→ **RECORDED DATA**:
........
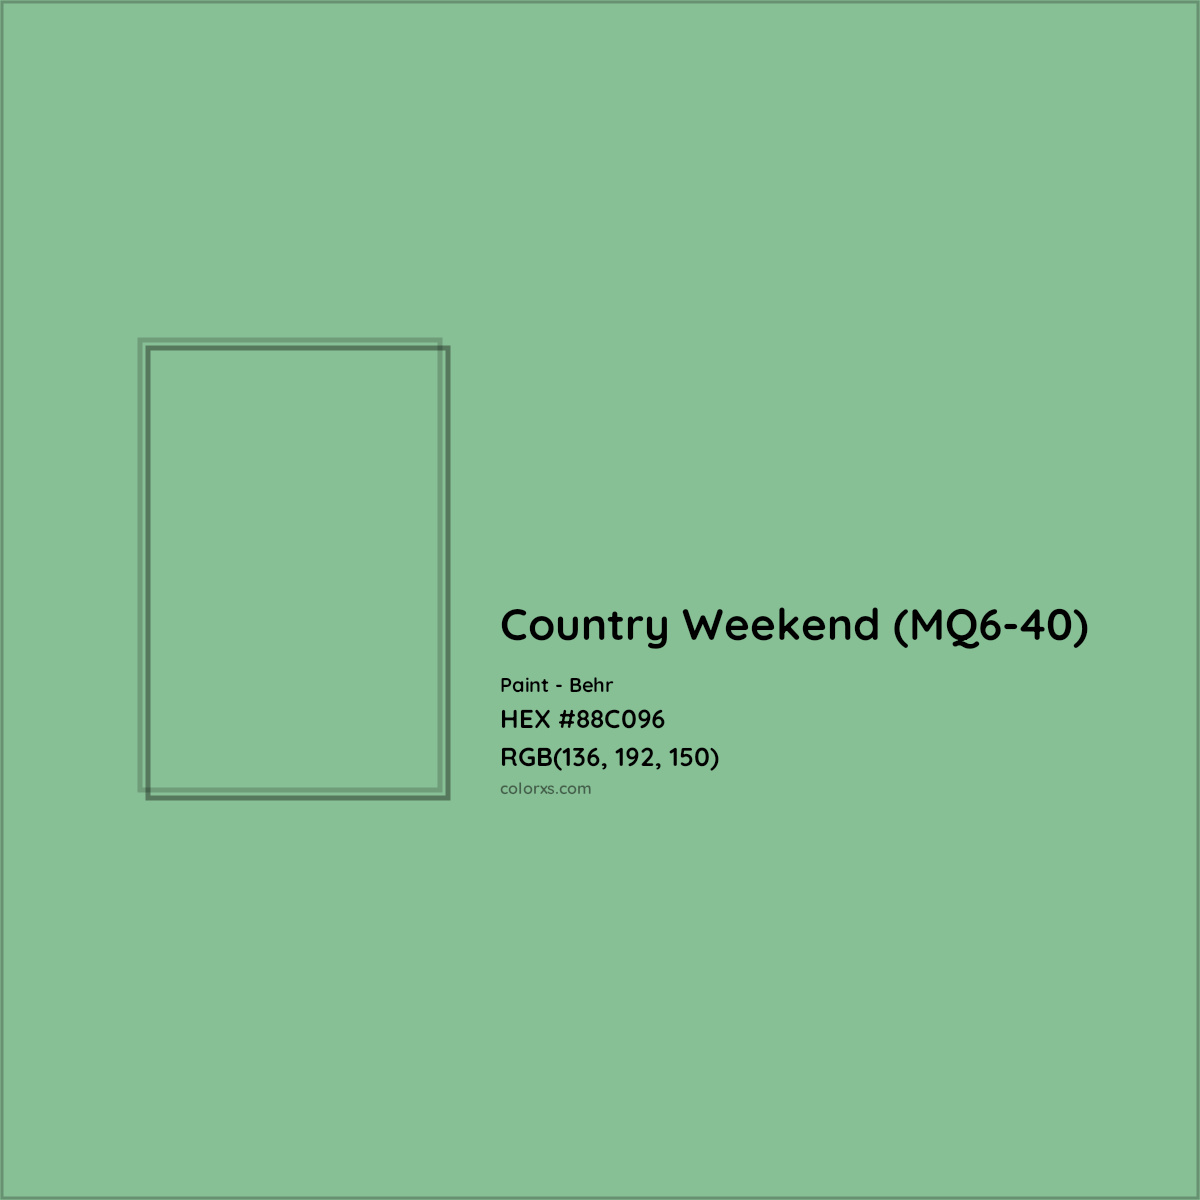 HEX #88C096 Country Weekend (MQ6-40) Paint Behr - Color Code
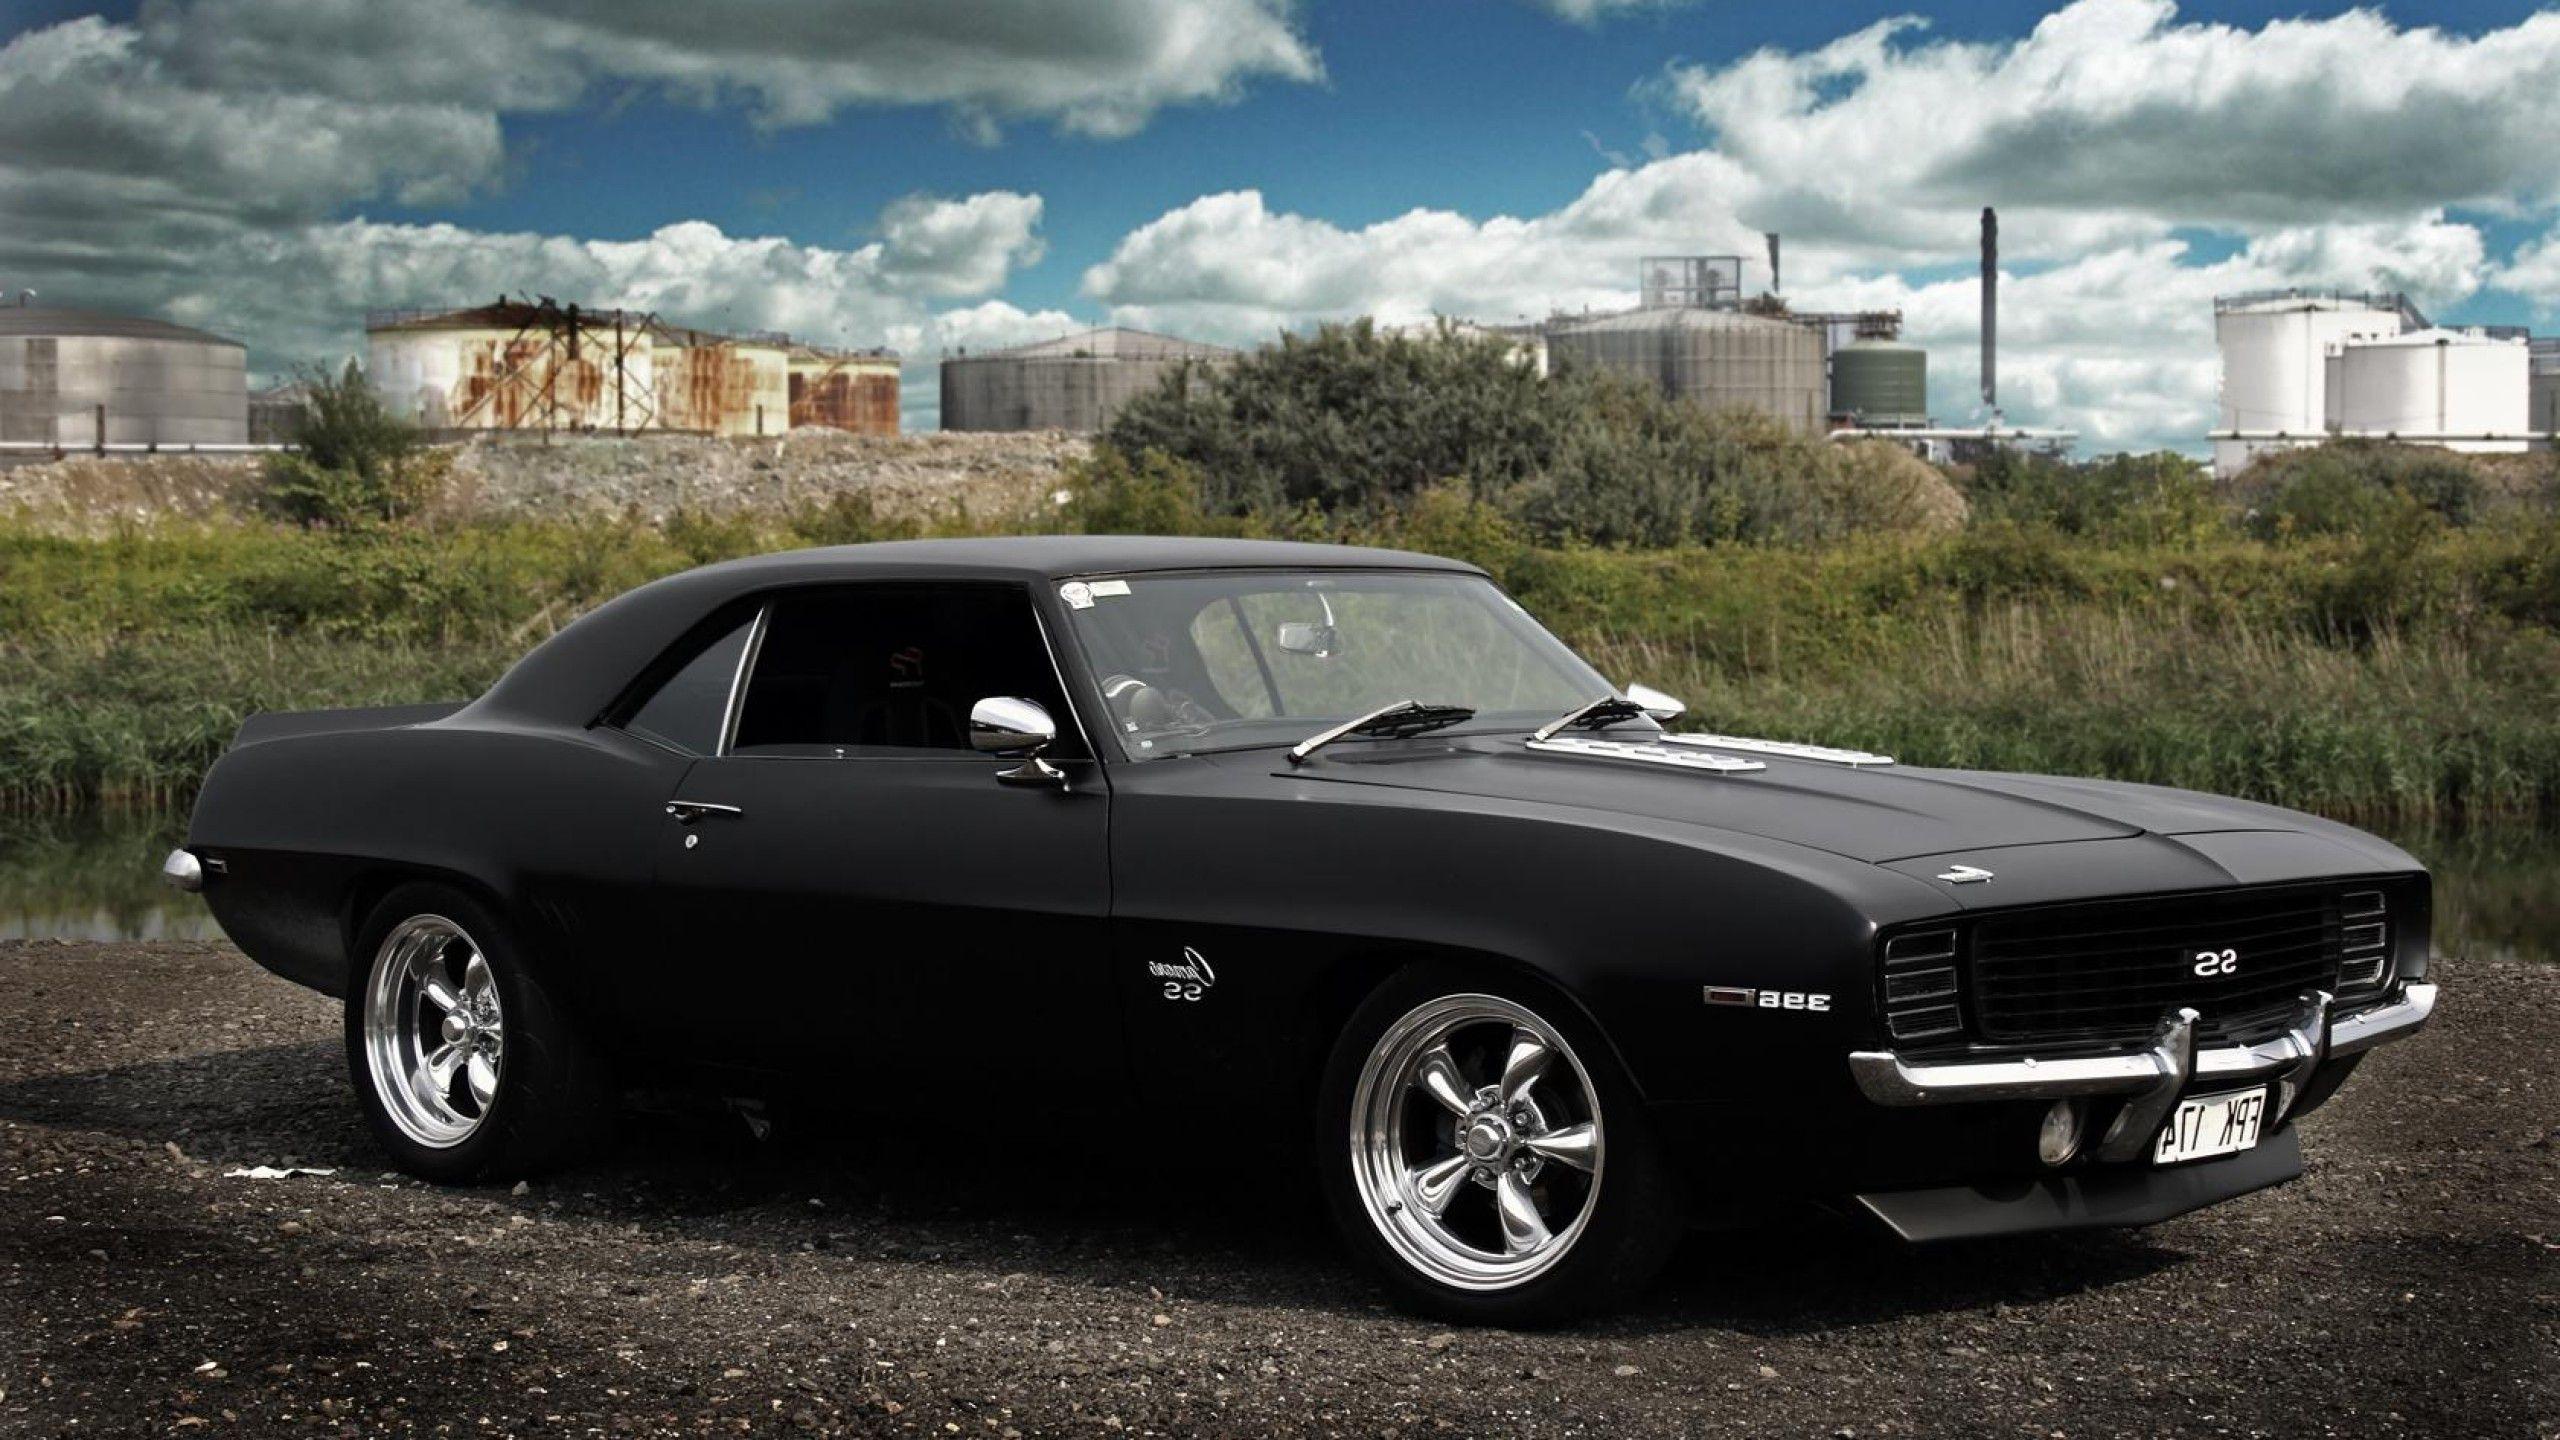 Resume, Muscle car wallpaper for laptop. muscle cars
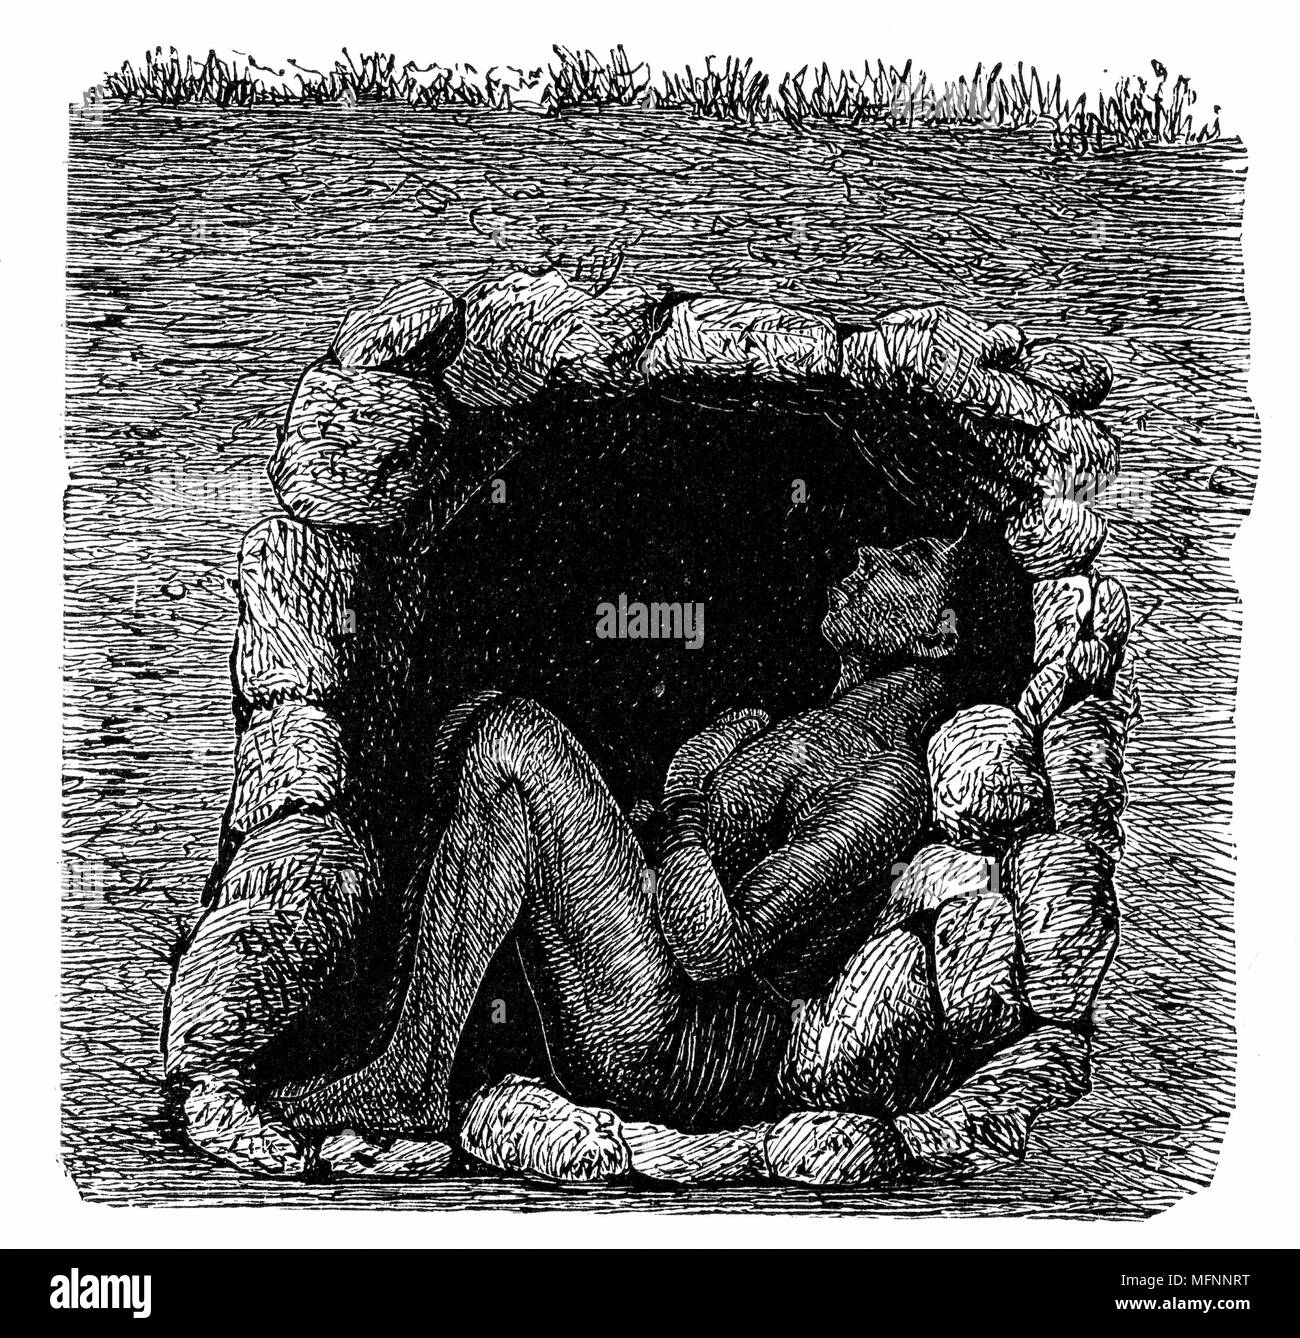 Burial: Grave of Zulu chief: body in sitting position in stone-lined underground chamber. Wood engraving from F Ratzel 'History of Mankind' Leipzig 1888. Wood engraving. Stock Photo
........
→ **EXERCISE**: Transcribe the listing in full. Leave the pictures out.

→ **RESULT**:
 HEX #88C096 Country Weekend (MQ6-40) Paint Behr - Color Code
 Resume, Muscle car wallpaper for laptop. muscle cars
 Burial: Grave of Zulu chief: body in sitting position in stone-lined underground chamber. Wood engraving from F Ratzel 'History of Mankind' Leipzig 1888. Wood engraving. Stock Photo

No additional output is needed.